Writer = animation.writers['ffmpeg']
writer = Writer(fps=fps, metadata=dict(artist='Sai'), bitrate=1800)

animation.FuncAnimation(draw_obj.fig, draw_obj.step_tree, frames=samples-2, interval=(1/fps)*1000, repeat=False).save('decision_tree.mp4', writer=writer)

Video("../images/decision_tree/decision_tree.mp4", embed=True)

Results

As the algorithm progresses/steps through the equally spaced intervals we get to see how the means of left and right data points with respect to the interval position(red vertical line) varies and how this influence the MSE error. Finally we determine the interval where the mean was the minimum and hence choose this interval i.e. point along the independent variable x which divides the data into two sections.
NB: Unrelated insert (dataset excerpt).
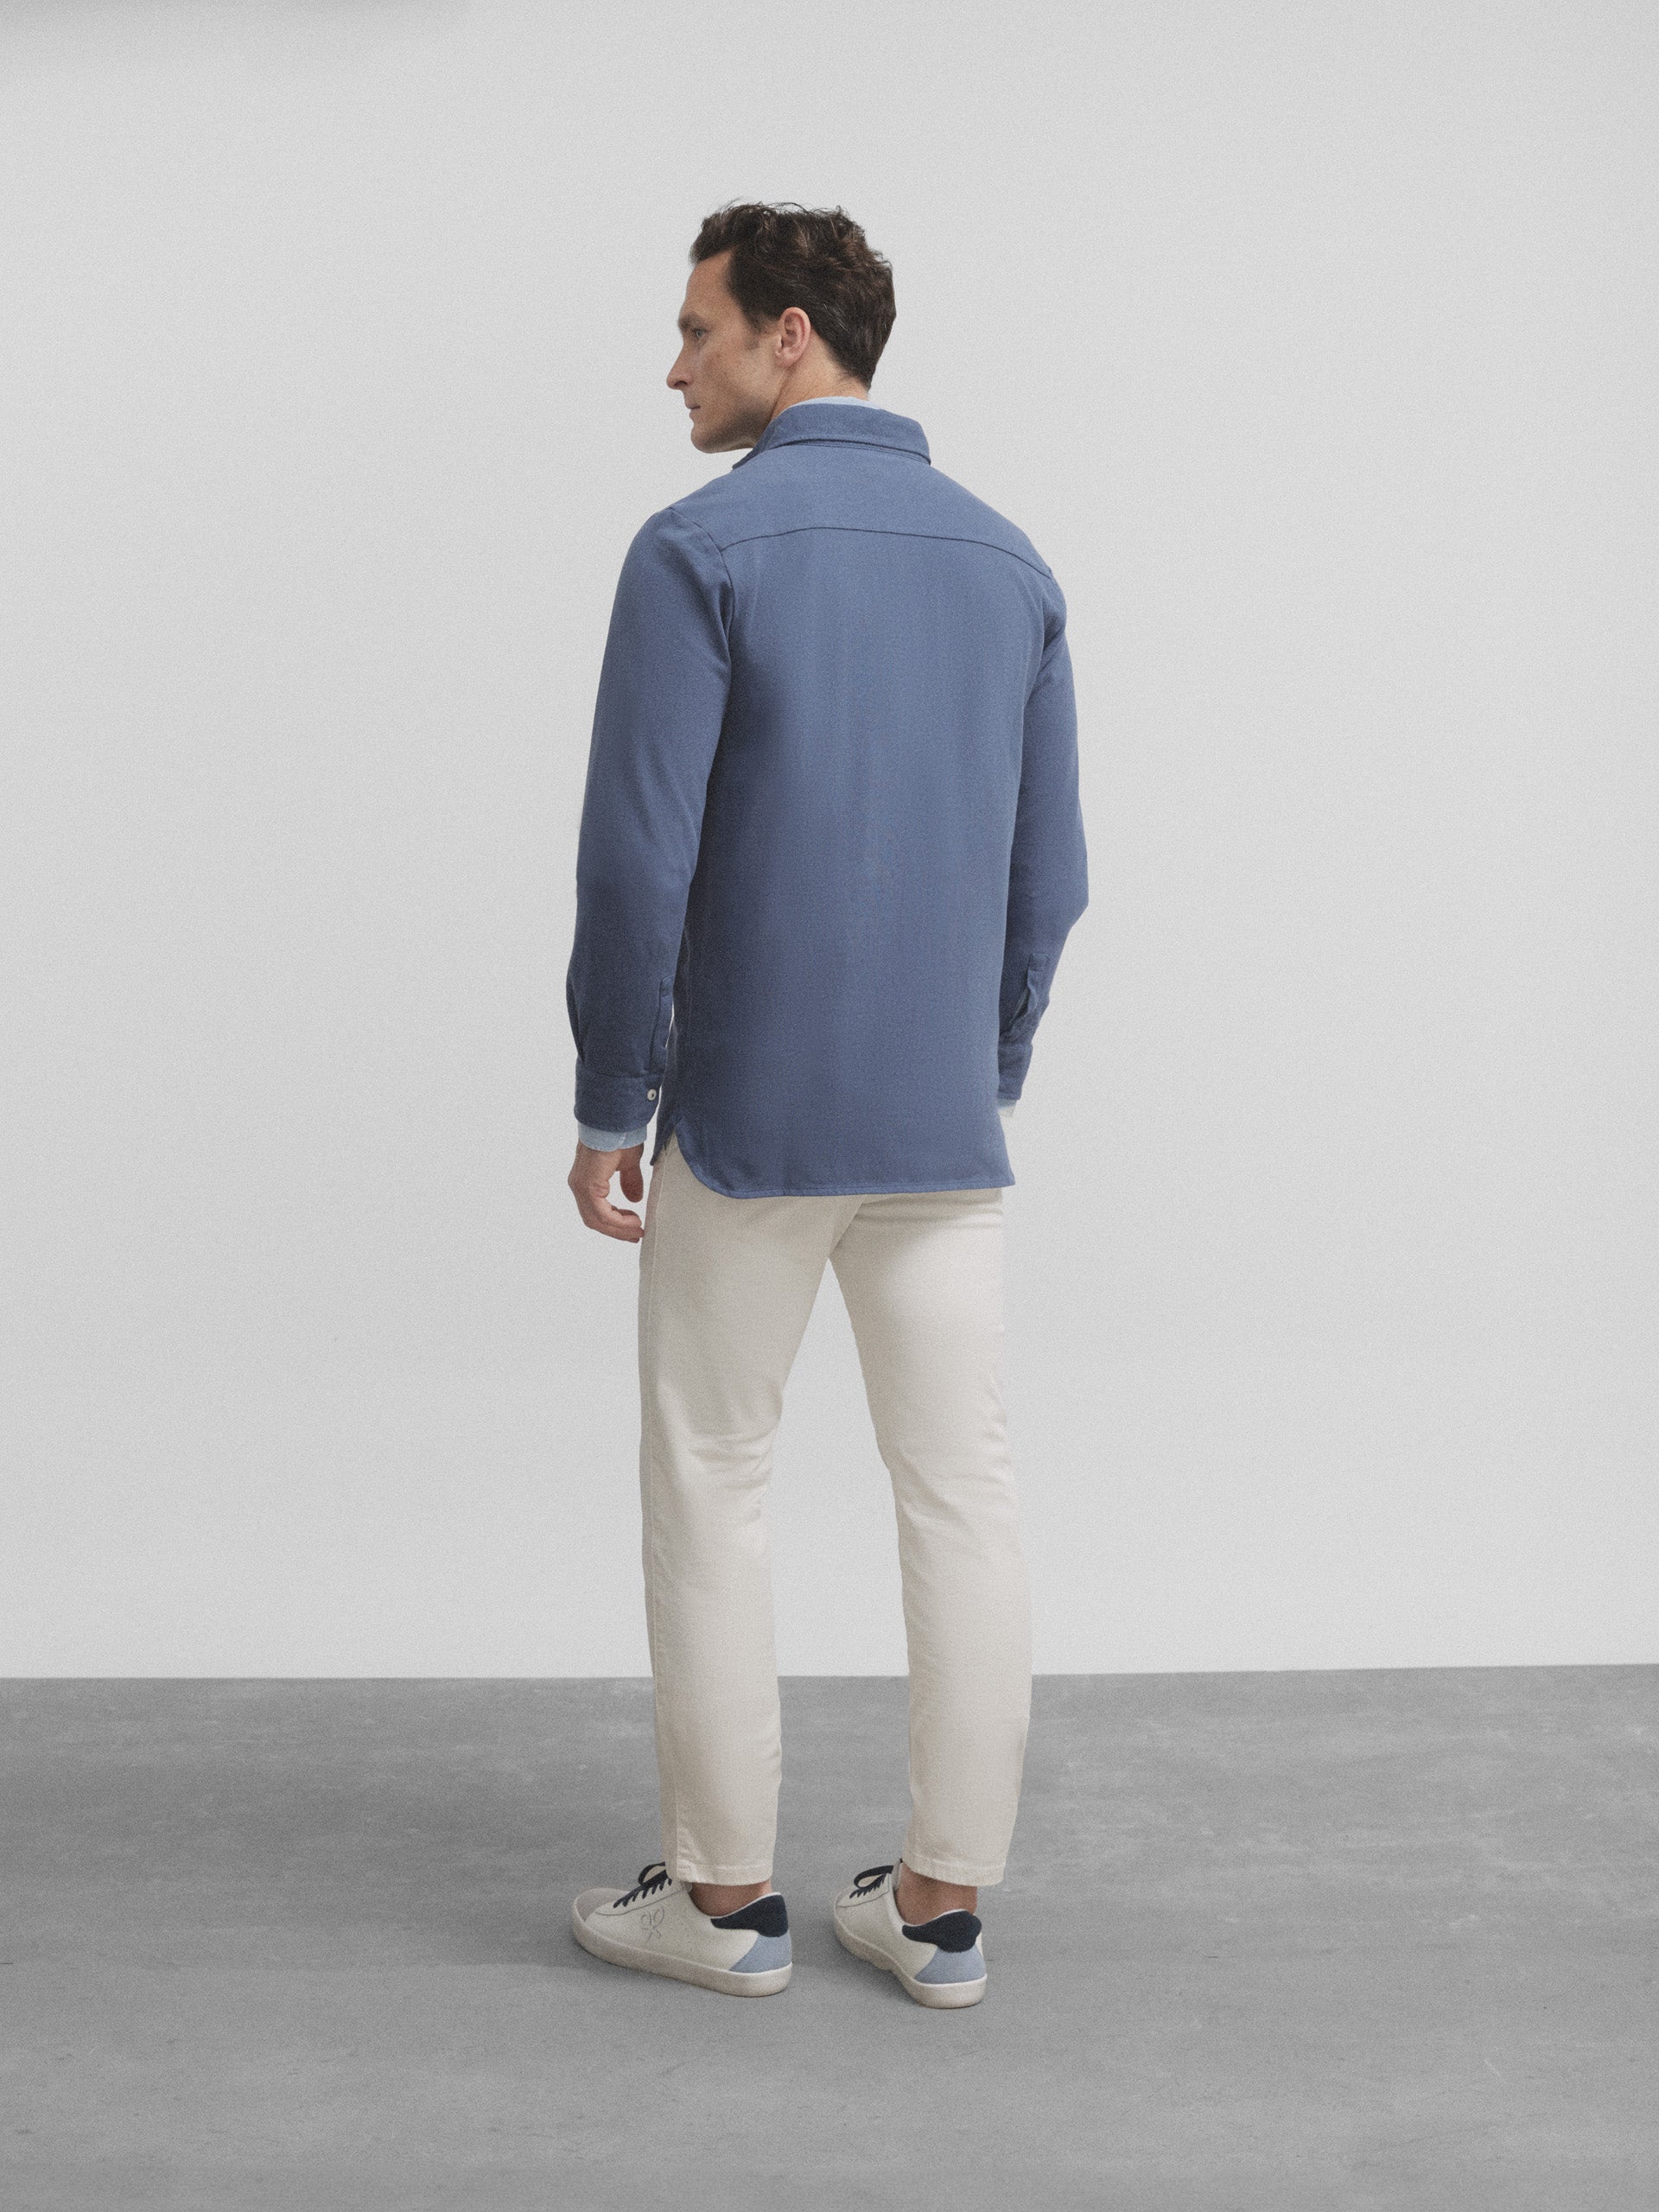 Medium blue plain long sleeve polo shirt

The results of the entire operation is the final splitting boundary which determines wether it is either day or night, summer or winter and based on this independent variable x the decision tree enables us to take an educated guess about the possible temperature or any other possible value of f(x), which is nothing but the mean values of left and right leafs.